The gens Maecilia or Mecilia was a minor plebeian family at ancient Rome. Although of great antiquity, few members of this gens are mentioned in republican times, including two tribunes of the plebs in the first century of the Republic. The Maecilii appear again, somewhat sporadically, in imperial times, even obtaining the consulship during the early fourth century. One of the last emperors of the Western Empire was Marcus Maecilius Avitus.

==Members==
- Lucius Maecilius, tribune of the plebs in 470 BC.
- Spurius Maecilius, tribune of the plebs at least four times, the fourth occasion in 416 BC.
- Titus Maecilius Croto, legate in 215 BC, he brought the survivors of the battle of Cannae to Sicily.
- Marcus Maecillius Tullus, triumvir monetalis in 7 BC.
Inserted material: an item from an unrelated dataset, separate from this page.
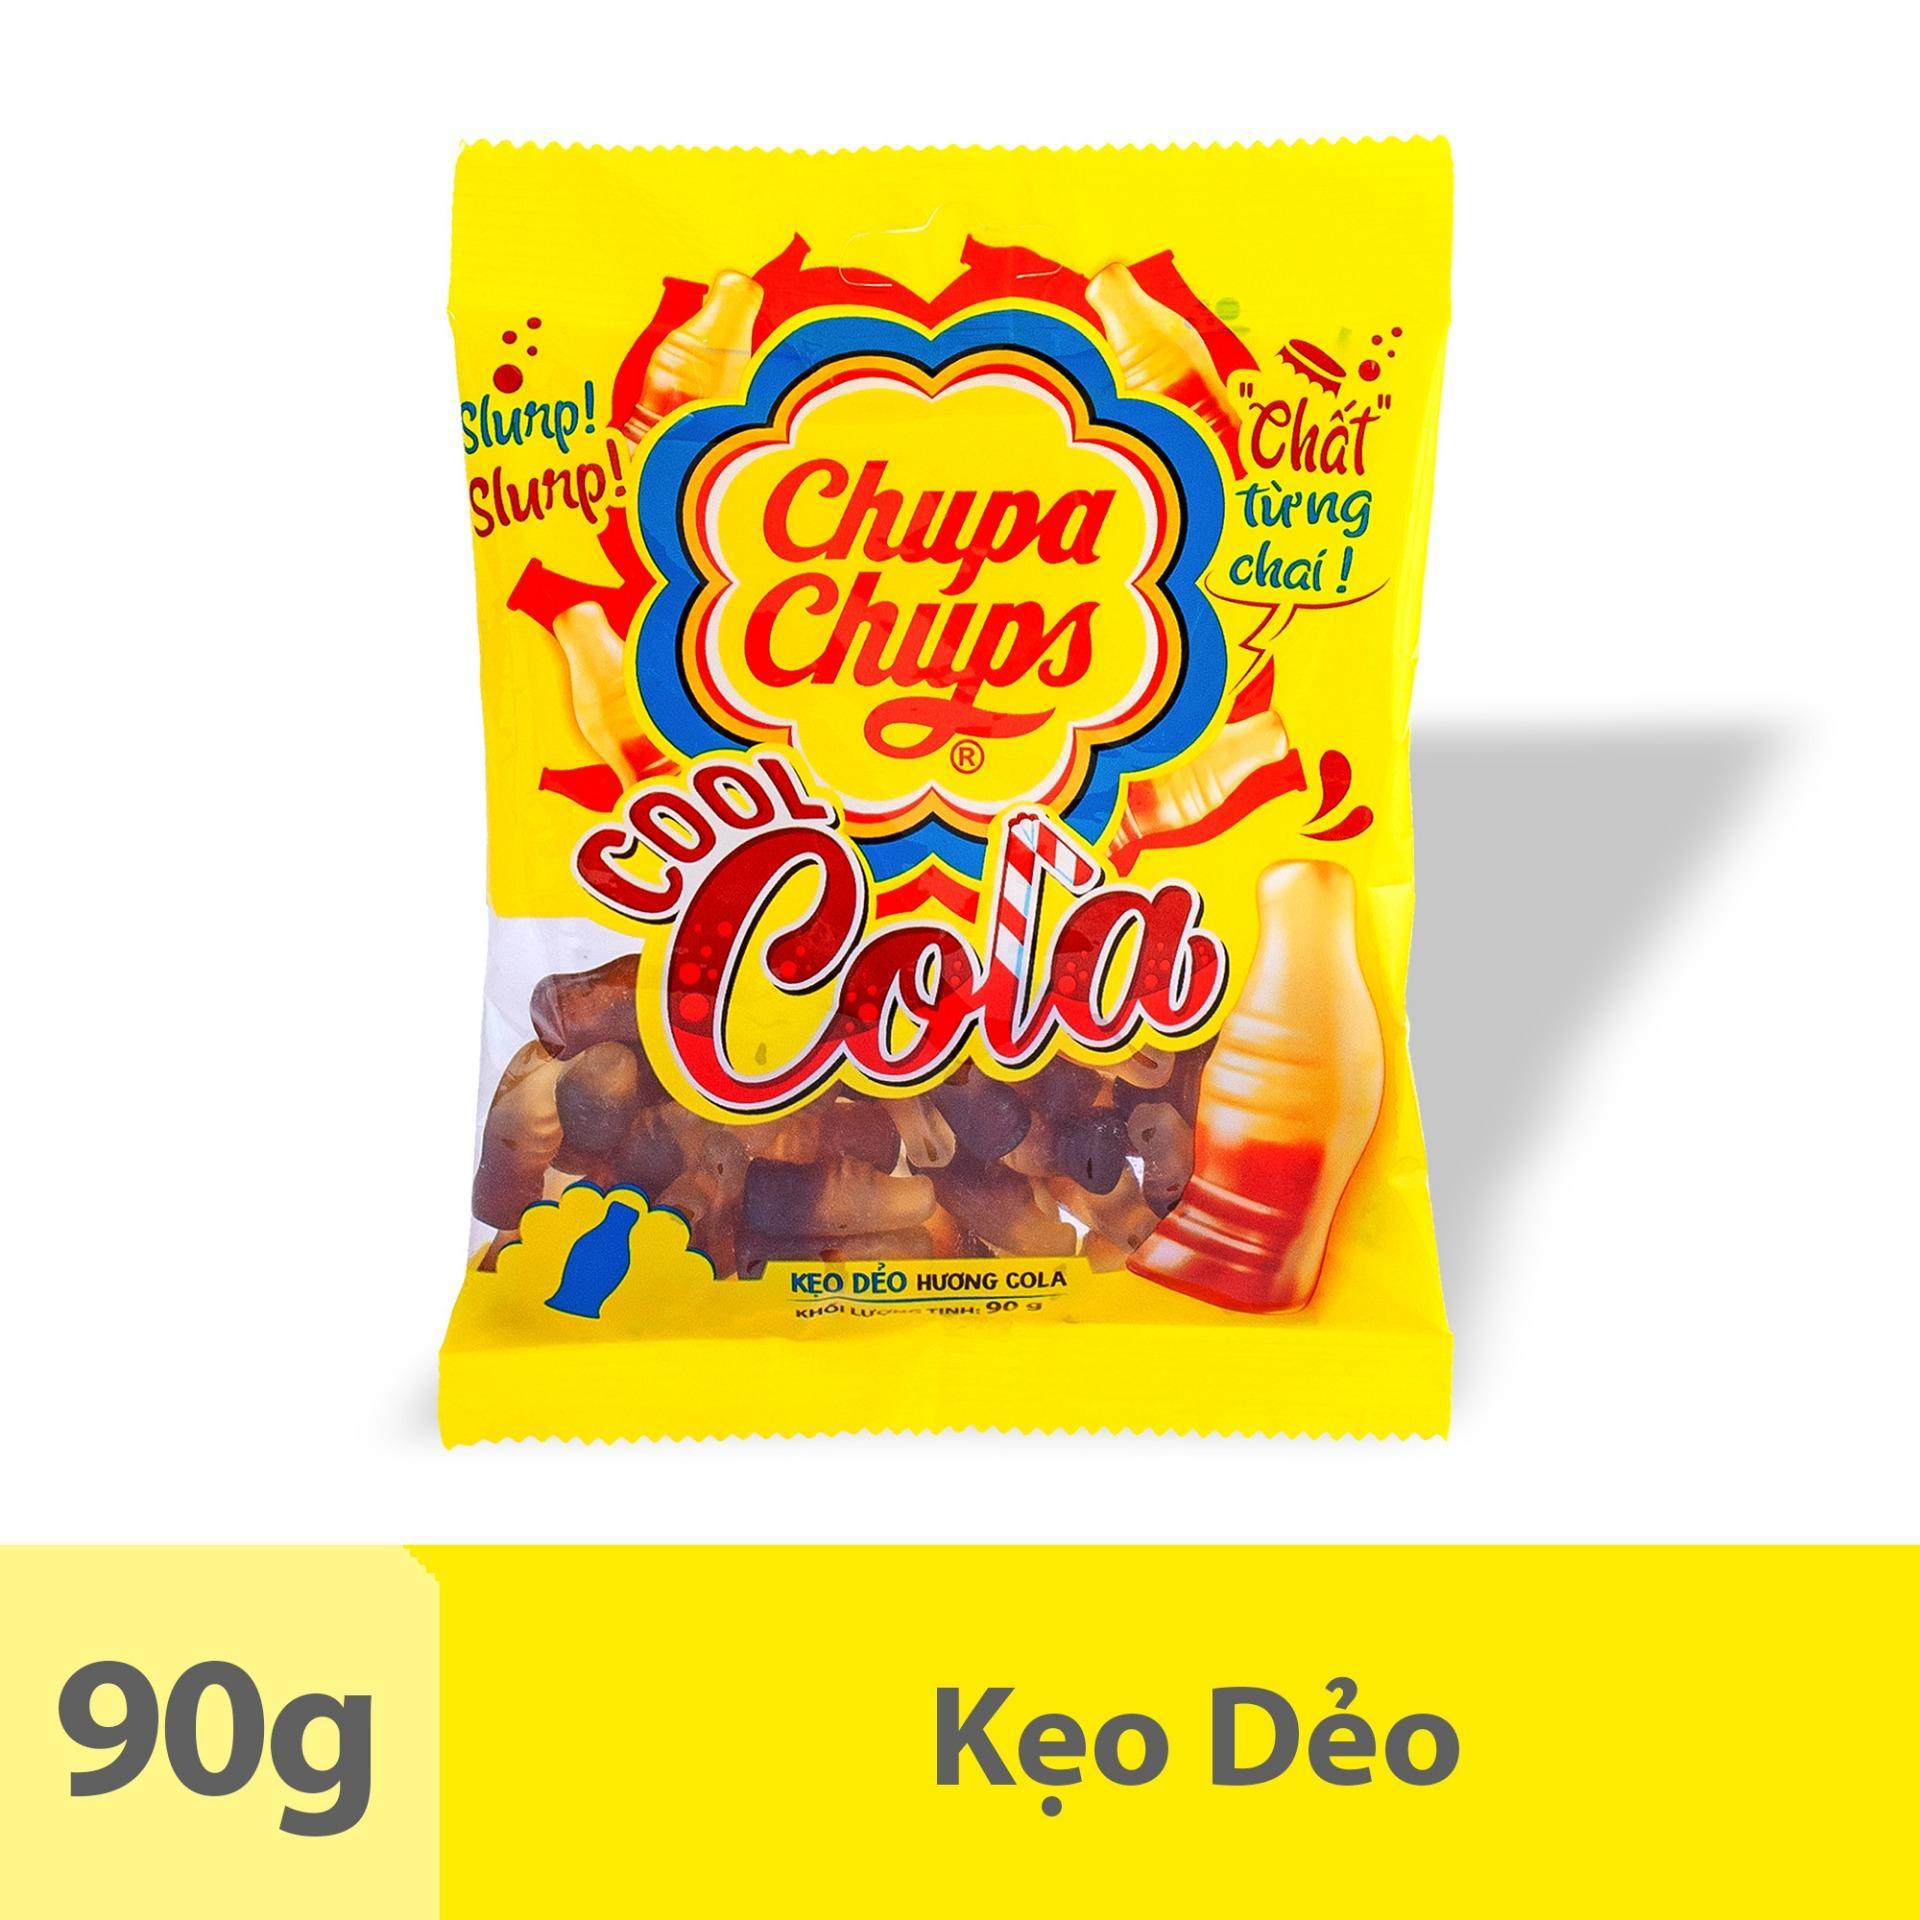 Kẹo Dẻo Chupa Chups Cool Cola (Gói 90g)

- Lucius Maecilius Scrupus, among the Veientes present at the appointment of a magistrate named Gaius Julius Gelos in AD 26, recorded on an inscription at Veii.
- Marcus Maecilius Rufus, governor of Achaea some time before AD 67.
- Maecilius Fuscus, governor of Britannia Inferior around AD 240. He helped rebuild and expand a fort at what is now Durham.
- Mecilius Hilarianus, consul in AD 332, and praefectus urbi from AD 338 to 339.
- Marcus Maecilius Eparchius Avitus, emperor from AD 455 to 456.
- Maecilius Hi(larianus?), a senator named on a seat in the Colosseum around the time of Odoacer, possibly descended from the consul Hilarianus.